Bosch disconnected and dropped the phone into the center console. He was angry with himself. He glanced over at Soto but only for a moment. He was now going sixty on crowded Ventura Boulevard and needed his eyes on the road.

“I should’ve said, ‘I fucked up,’ back there. It wasn’t you, Lucy. It was me.”

“Harry, what the hell is it? What are you talking about?”

“The other night I was at that overlook on Mulholland. I was watching Broussard’s house.”

“Why?”

“I don’t know. I wanted to get a measure of him, I guess. I thought maybe I’d get a look at him or something.”

“Okay. What happened?”

“Nothing happened. But the lights were on and I could see into the house. I had my binoculars. I saw a woman in the kitchen. She was emptying the dishwasher. And she had brown hair, not blond. I didn’t…I didn’t remember that till back there at the store.”

“I don’t—who was it?”

“It was the maid. Our caller is the maid, not the wife, and now Broussard knows. His wife just called him.”

Soto didn’t respond at first as she followed the trail and came to the end with the same conclusion as Bosch.

“Shit,” she said.

“Yeah,” Bosch said. “Hold on and check to the right up here.”

He hit the siren as they approached a red light at the intersection with Laurel Canyon Boulevard.

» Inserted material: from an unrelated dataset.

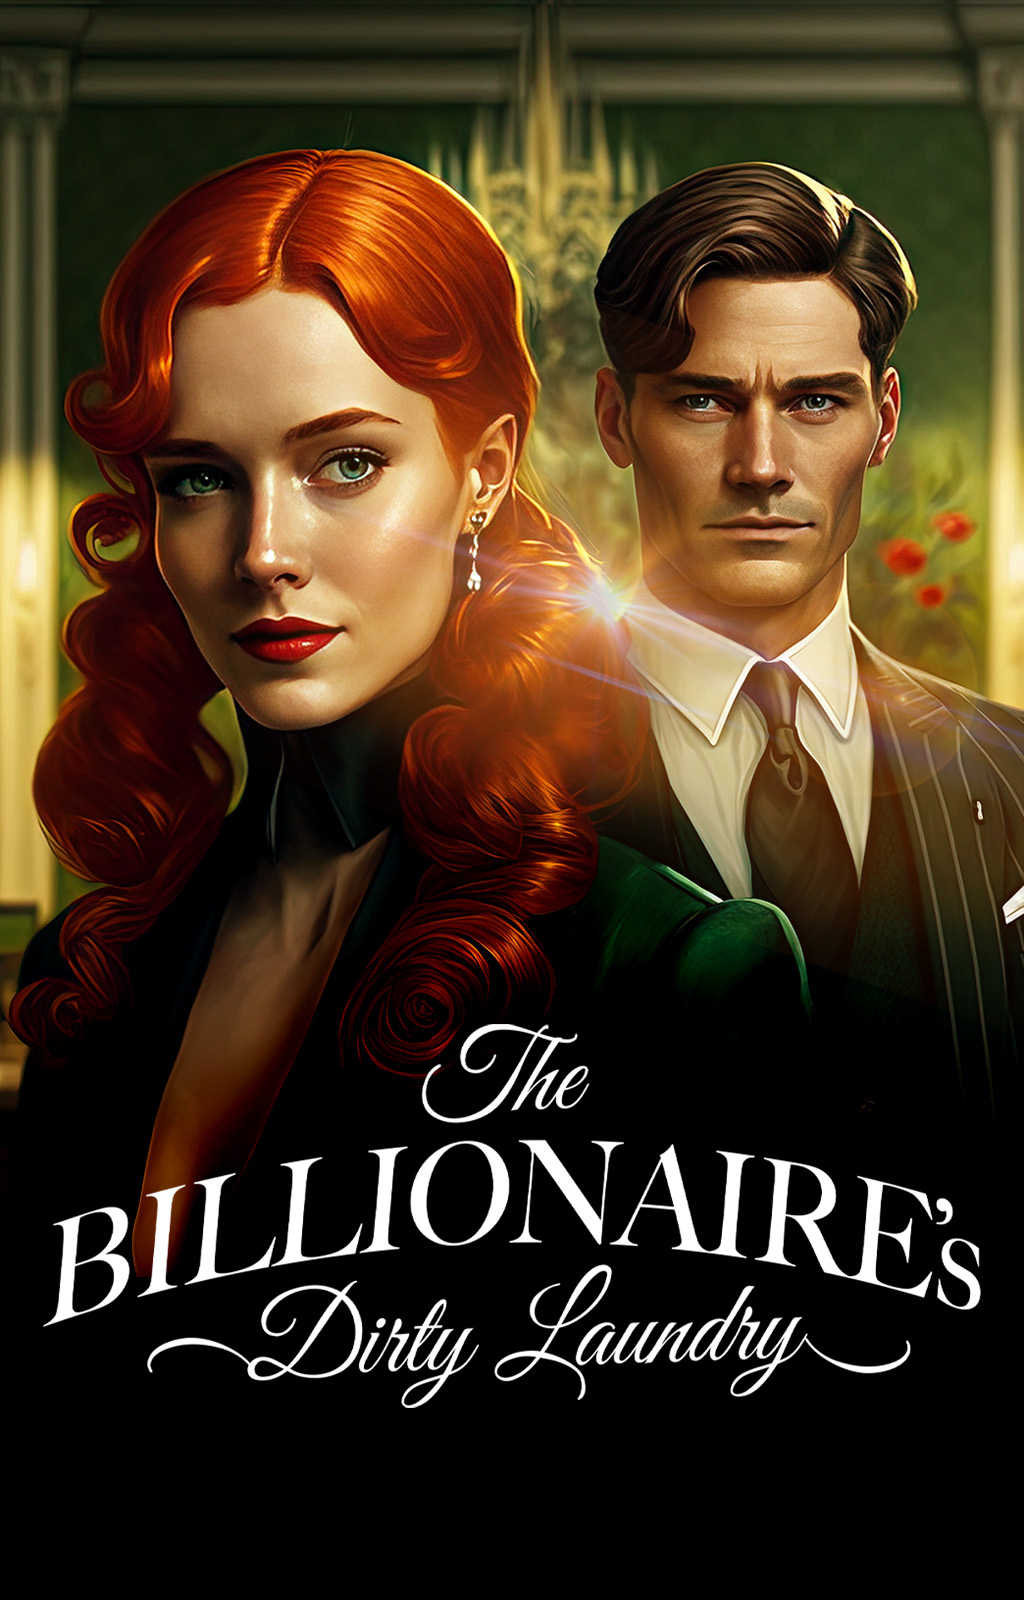 The Billionaire's Dirty Laundry - Book cover

Bosch looked left and Soto looked right.

“Clear!” she yelled.

Bosch never looked, trusting his partner. He saw the left was clear and blew through the intersection unscathed.

“Okay, you have your iPad?” he asked.

“Yes, in my bag,” Soto said. “What do you need?”

“Pull up a map that shows Broussard’s house.”

She pulled the tablet out of her bag.

“What am I looking for?”

“Up top on Mulholland the place is a fortress, a concrete vault. But down at the bottom there’s a pool.”

“Right, I saw it today.”

“There’s got to be access to it from down below. Find the pool man’s way in. What street is down there?”

“Got it.”

She went to work on it and Bosch concentrated on driving. Ventura Boulevard was a four-lane road. He had room to maneuver and keep his speed.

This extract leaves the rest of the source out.